The foremost concern of many of us who fought for health care reform is what its fate will be in the post-midterm-election world. It’s clear that the resurgent Republican leadership in the House sees health reform as a much easier target than the real and serious problems facing our country — the continuing economic doldrums, unemployment, the budget deficit, and, dare one say it, climate change. It is also likely that the newly elected Republican state legislators and governors will be a tough sell on the states’ vital role in reform implementation.
The Republicans are too late if they want to roll back the law completely; some parts have already become reality. Many employers, including some that bankrolled that Republican resurgence, are taking advantage of its retiree reinsurance program. Small businesses across the country are taking advantage of the small employer tax credit to expand coverage for their employees while more than 1.8 million Medicare beneficiaries have received the $250 checks as they hit the dreaded donut hole. Other provisions of the legislation — coverage to adult children up to age 26, the end of annual limits on coverage, or the end of rescissions for unintentional mistakes — will become a reality for millions of Americans as their new plan year begins on Jan. 1.

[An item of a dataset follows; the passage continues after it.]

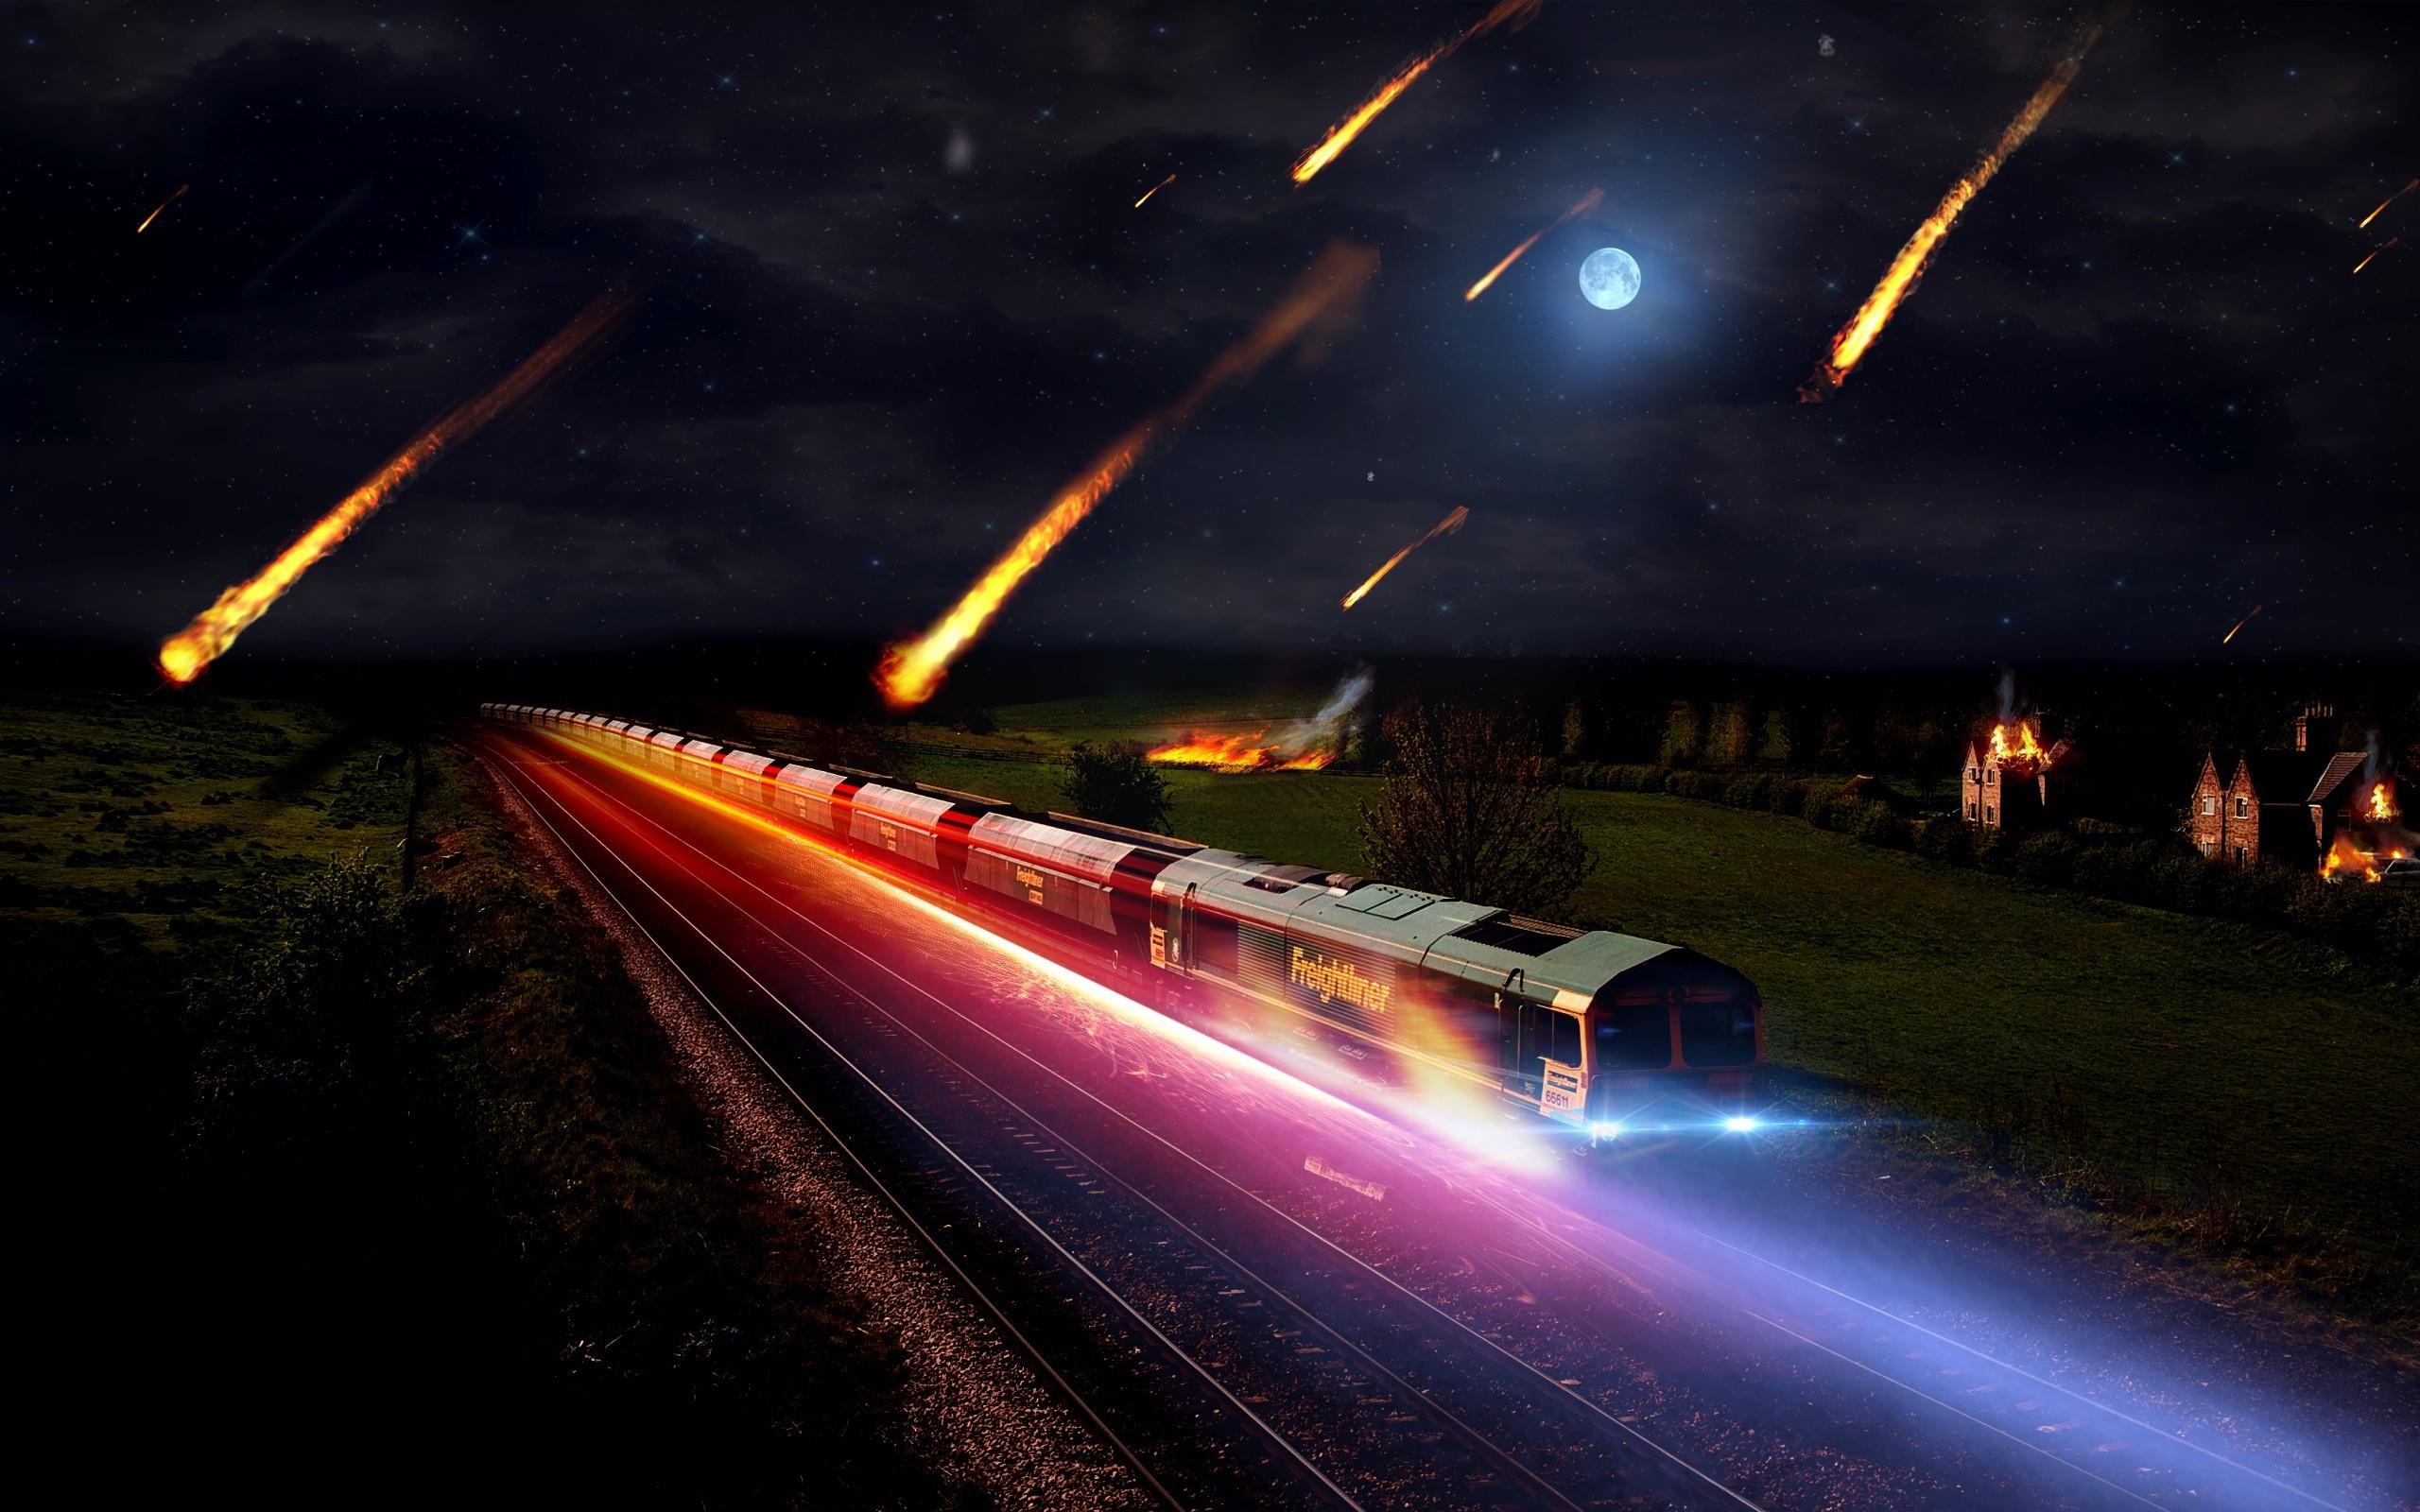 Картинка: Поезд, свечение, свет, огни, ночь, луна, метеориты, дома, железная дорога
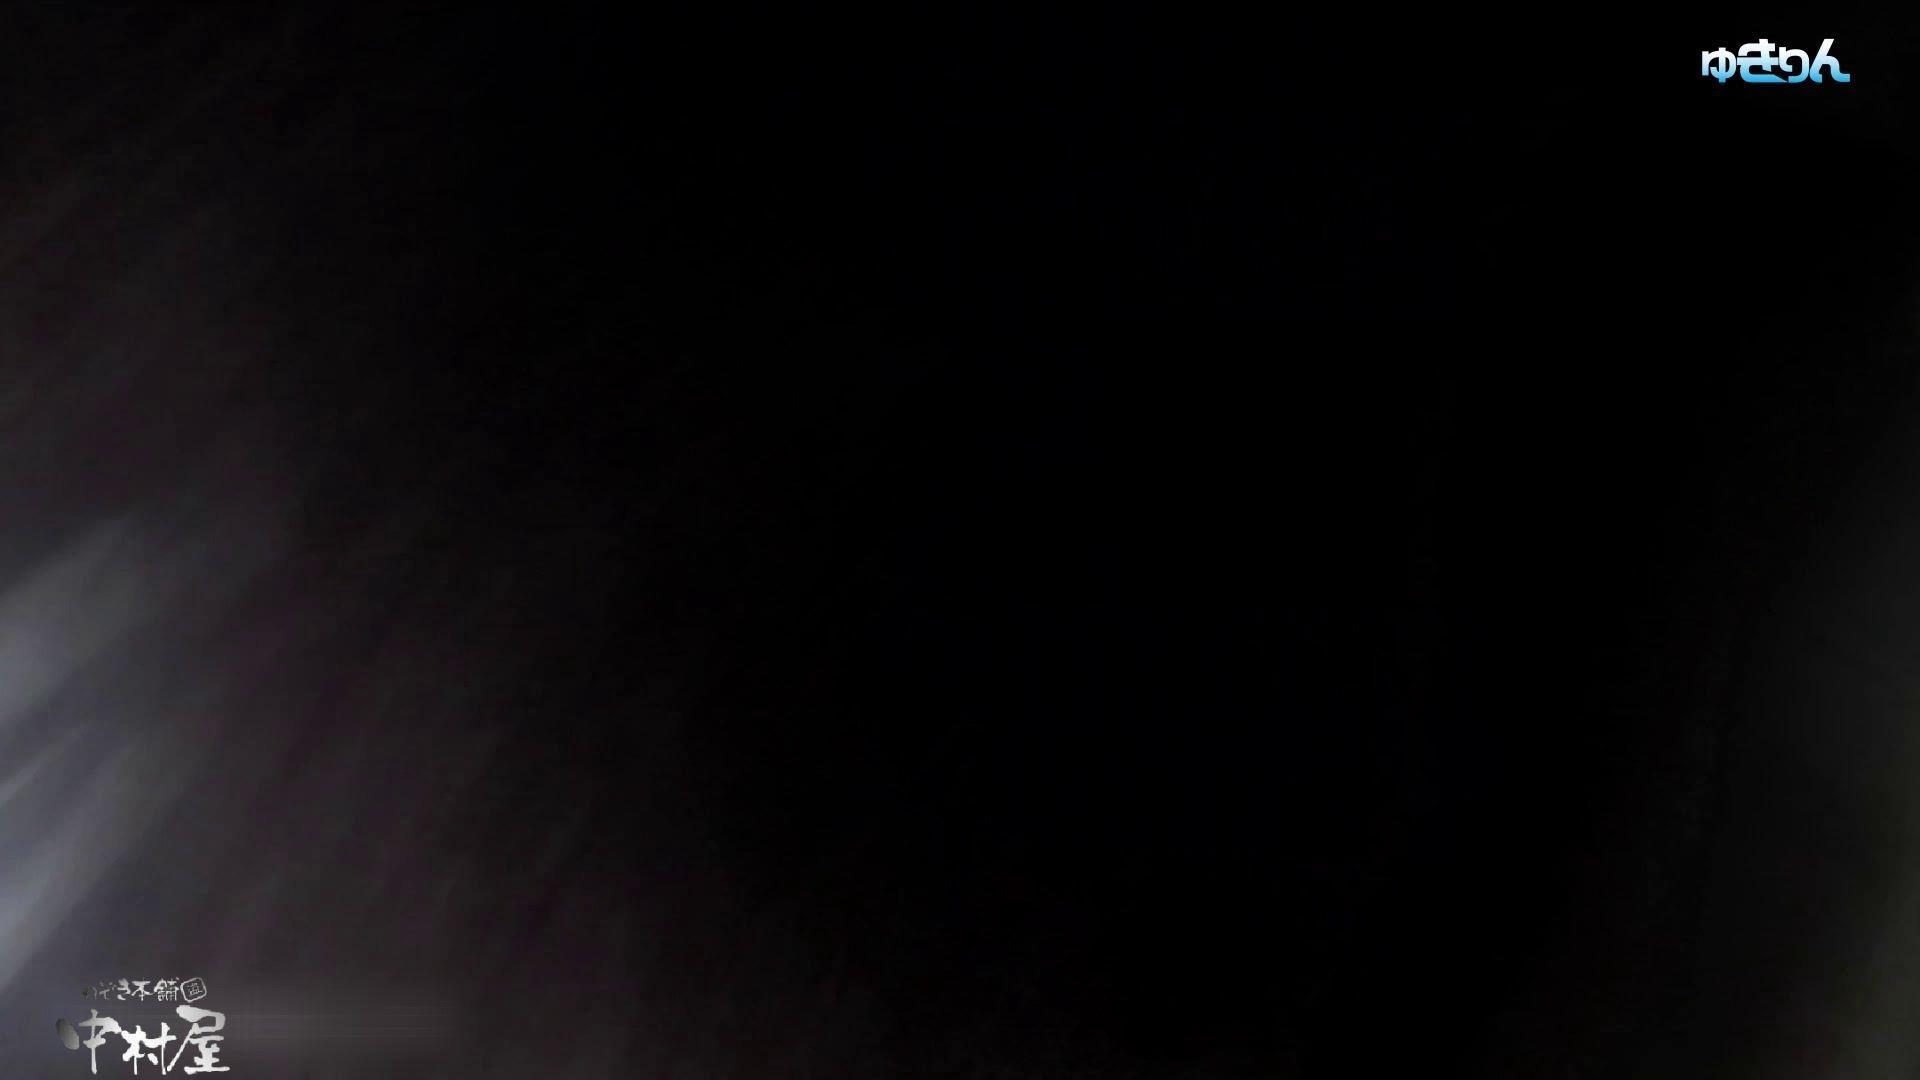 世界の射窓から~ステーション編 vol60 ユキリン粘着撮り!!今回はタイトなパンツが似合う美女 美女まとめ  113PIX 108

Yes, the Affordable Care Act remains the law of the land, but much more needs to be done soon if it is to realize its promise.
Vital protections promised by the reform — the right to have at least 80 percent of your insurance premiums actually spent on medical care or quality improvement activities; the right to be told why your insurer is demanding an unreasonable premium increase; the right to a simple, plain language explanation of what your insurance actually covers — will only become real when the Department of Health and Human Services issues rules implementing them.
The National Association of Insurance Commissioners toiled throughout the summer and early fall performing its duty under the law to deliver to HHS recommendations for resolving technical issues under the law. The state commissioners who make up the NAIC carried out their responsibilities with courage and considerable cost to themselves, as many of them faced reelection or reappointment in a hostile political environment.
Now it is up to HHS to finish the job.
Of course, some argue that the midterm elections were a referendum of health reform, and that the reform was overwhelmingly rejected. I have seen no indication, however, that voters went to the polls demanding that pre-existing condition exclusions for children be restored, that insurers be allowed to spend 35 percent of premiums or more on administrative expenses and profits (as some do now), or that insurers be able to raise their premiums unreasonably without offering a justification (as is now legal in some states). Neither did voters cast their ballots enraged that the reform law creates a right to know why coverage was denied or to appeal a claims denial within 72 hours when life or limb is at stake.
Nonetheless, emboldened by the election, insurers are demanding that HHS delay or dilute reform implementation and let business continue as usual.
The Affordable Care Act is the law. The president retains a solemn obligation under the Constitution to “take care that the laws be faithfully executed.” The reform law affords HHS discretion regarding some implementation issues, and HHS has been exercising this discretion flexibly to achieve a practical interpretation of the law. But on other issues the law is clear and brooks not variance. For example, the NAIC, in its final recommendations, correctly concluded that removing agent commissions from insurer administrative costs to calculate the amount insurers must spend on health care is simply not allowed. On these issues the federal government must move resolutely ahead without regard to special interest lobbying.
Whatever the midterm elections meant, they cannot be read as a resounding endorsement of our current failed health insurance system. We must get the job of reform implementation done.
Timothy Jost is the Robert L. Willett Family Professor of Law at Washington and Lee University School of Law. He also is a consumer representative to the NAIC. This opinion piece does not necessarily represent the views of all consumer representatives, nor does it speak for the NAIC.